Дачный отдых артистов Большого театра — особая сторона их повседневной жизни. Хочешь не хочешь — а солист будь то императорского, или государственного дважды ордена Ленина Большого театра должен иметь дачу, на которой может отдыхать от трудов праведных, готовясь к новым творческим свершениям. Как справедливо писал Антон Павлович Чехов, только на даче и можно было «пожить». Смена городской обстановки, свежий воздух, тишина и покой, а главное — все это в отрыве от зрителей, набивающихся сначала на галерку, а затем уж в тесные электрички, чтобы доехать на свои заветные шесть соток. Привыкшие жить табором артисты и музыканты Большого театра в выходные дни плавно перемещались в созданные опять же по социальному признаку дачные поселки — Николину Гору, Манихино, Валентиновку, Новый Иерусалим, где проживала привилегированная прослойка советского общества. Этакий рабоче-крестьянский Голливуд для новоявленного дворянства, имеющий бесконечное число клонов. Один из самых известных — поселок Снегири, прелестное заповедное место в Истринском районе Московской области, еще до 1917 года нареченное «русской Швейцарией» и популярное у самодержавной аристократии. Царский академик Алексей Щусев именно здесь (а не, к примеру, в Расторгуеве или Щербинке) мечтал устроить роскошный подмосковный курорт. Не для всех, конечно (попробуй пусти сюда простой народ — ведь все затопчут!), а для избранных.

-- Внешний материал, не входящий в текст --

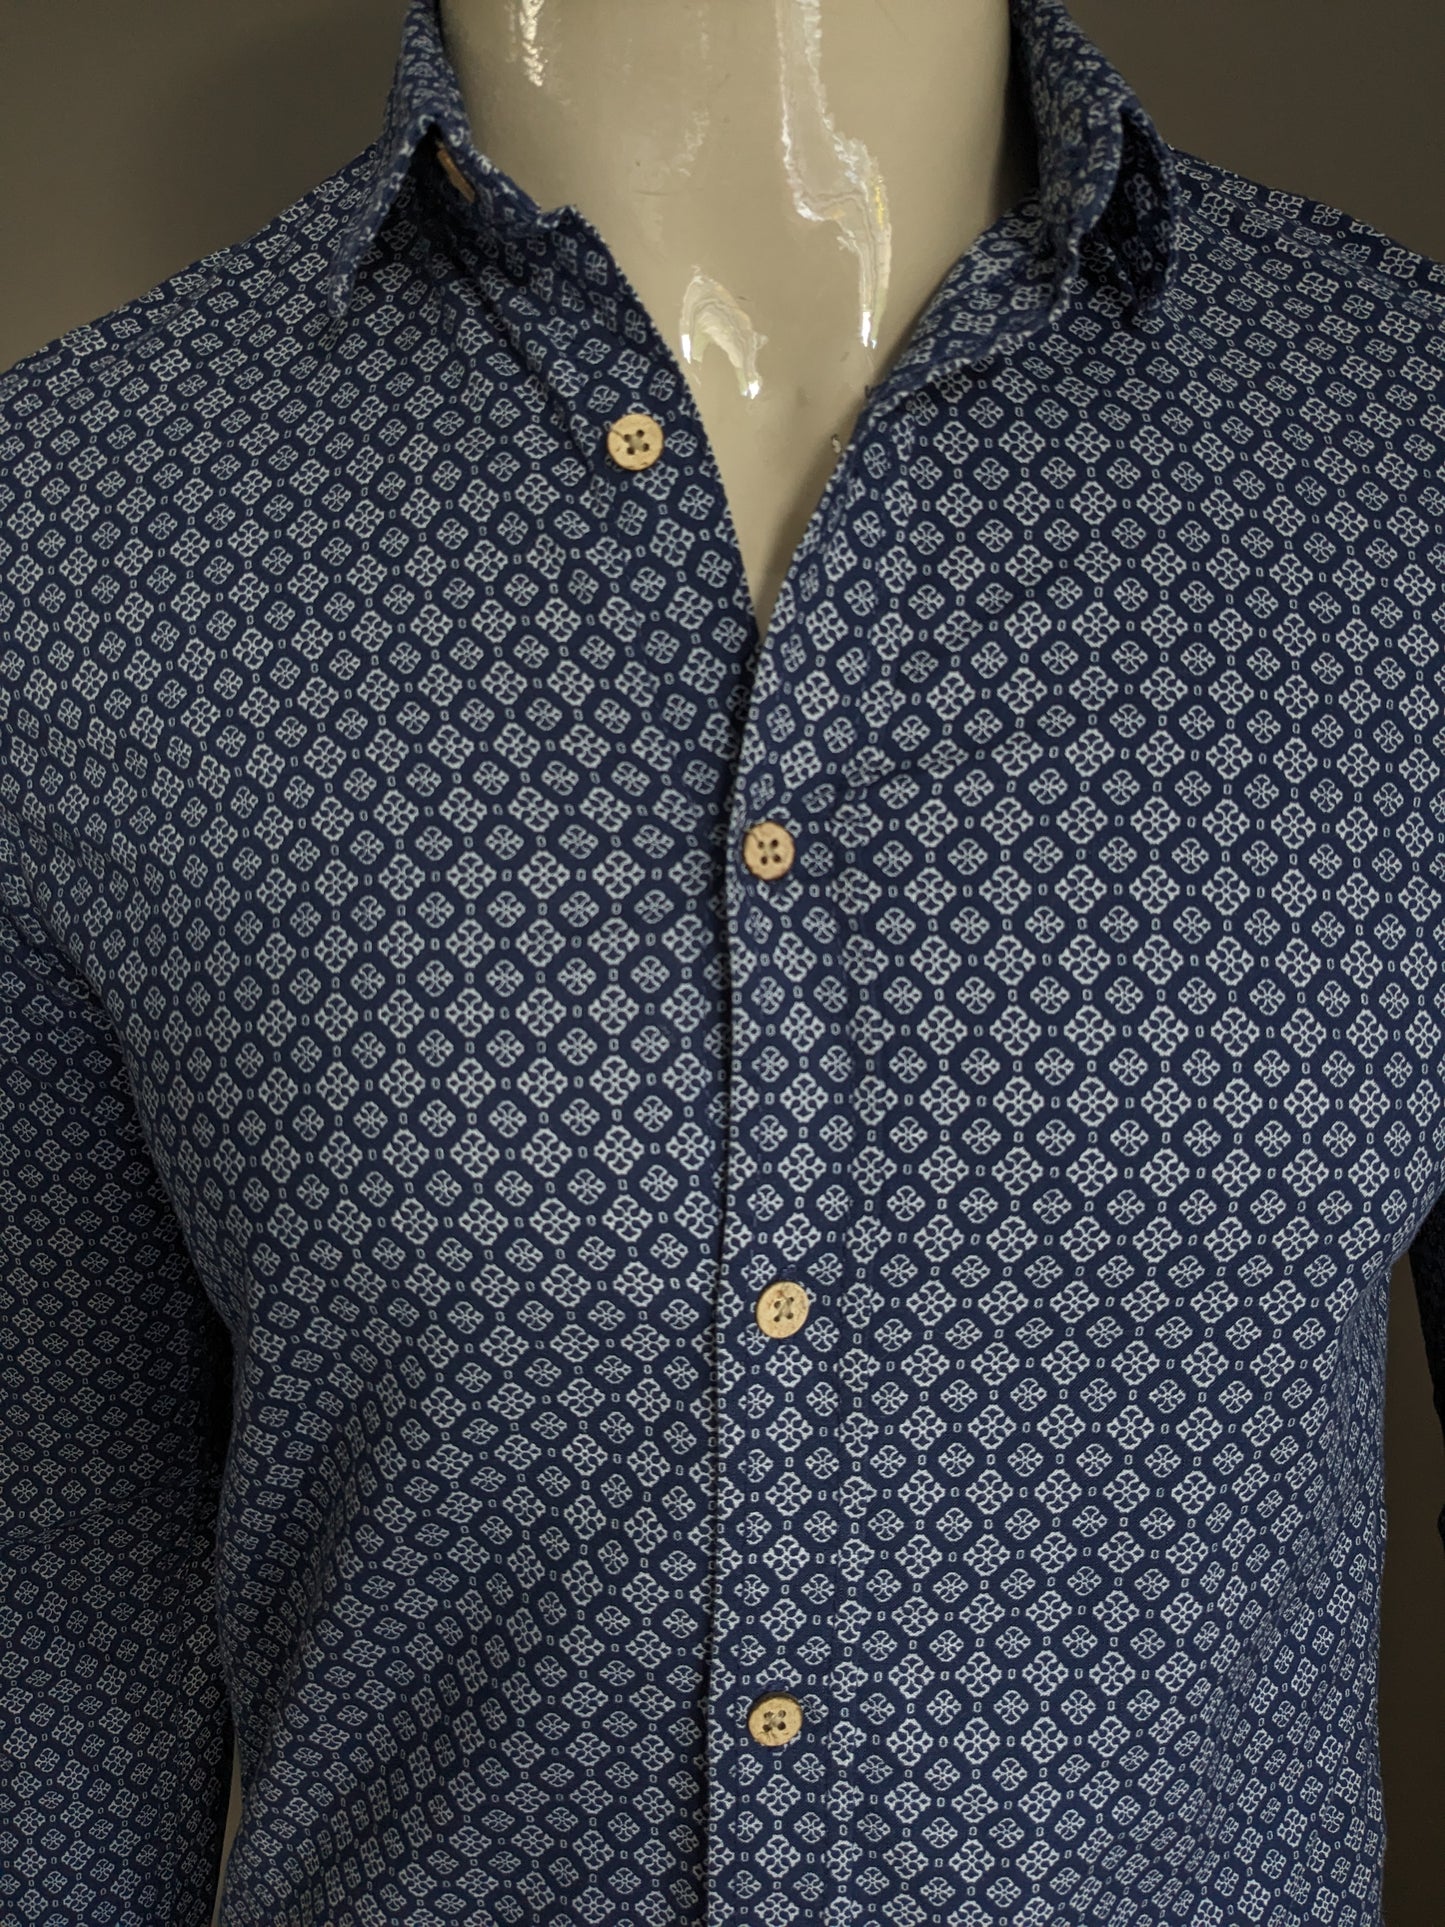 Tom Tailor Denim overhemd. Blauw Witte print. Maat S.

Так в итоге и вышло — в Снегирях устроили дачное товарищество «Мастера искусств». Началось это еще в 1930-е годы, когда солистам Большого театра выделили обширные участки — кому гектар, а кому и два. Живи не хочу! О красоте здешних прелестных сосново-березовых мест простой зритель Большого театра может судить хотя бы по фильму «Пес Барбос и необычный кросс», снимавшемуся в окрестностях поселка. Если не заострять внимание на бегающих по экрану алкоголиков-браконьеров Никулина, Вицина и Моргунова, то можно увидеть всю здешнюю среднерусскую красоту, утверждающую нас в том, что даже реалистические пейзажи Левитана и Шишкина (а тем более декорации Федоровского) не способны передать всю глубину нашей любви к родине, особливо когда эта любовь культивируется за высоким дачным забором зеленого цвета (именно в такой цвет красили в СССР номенклатурные заборы).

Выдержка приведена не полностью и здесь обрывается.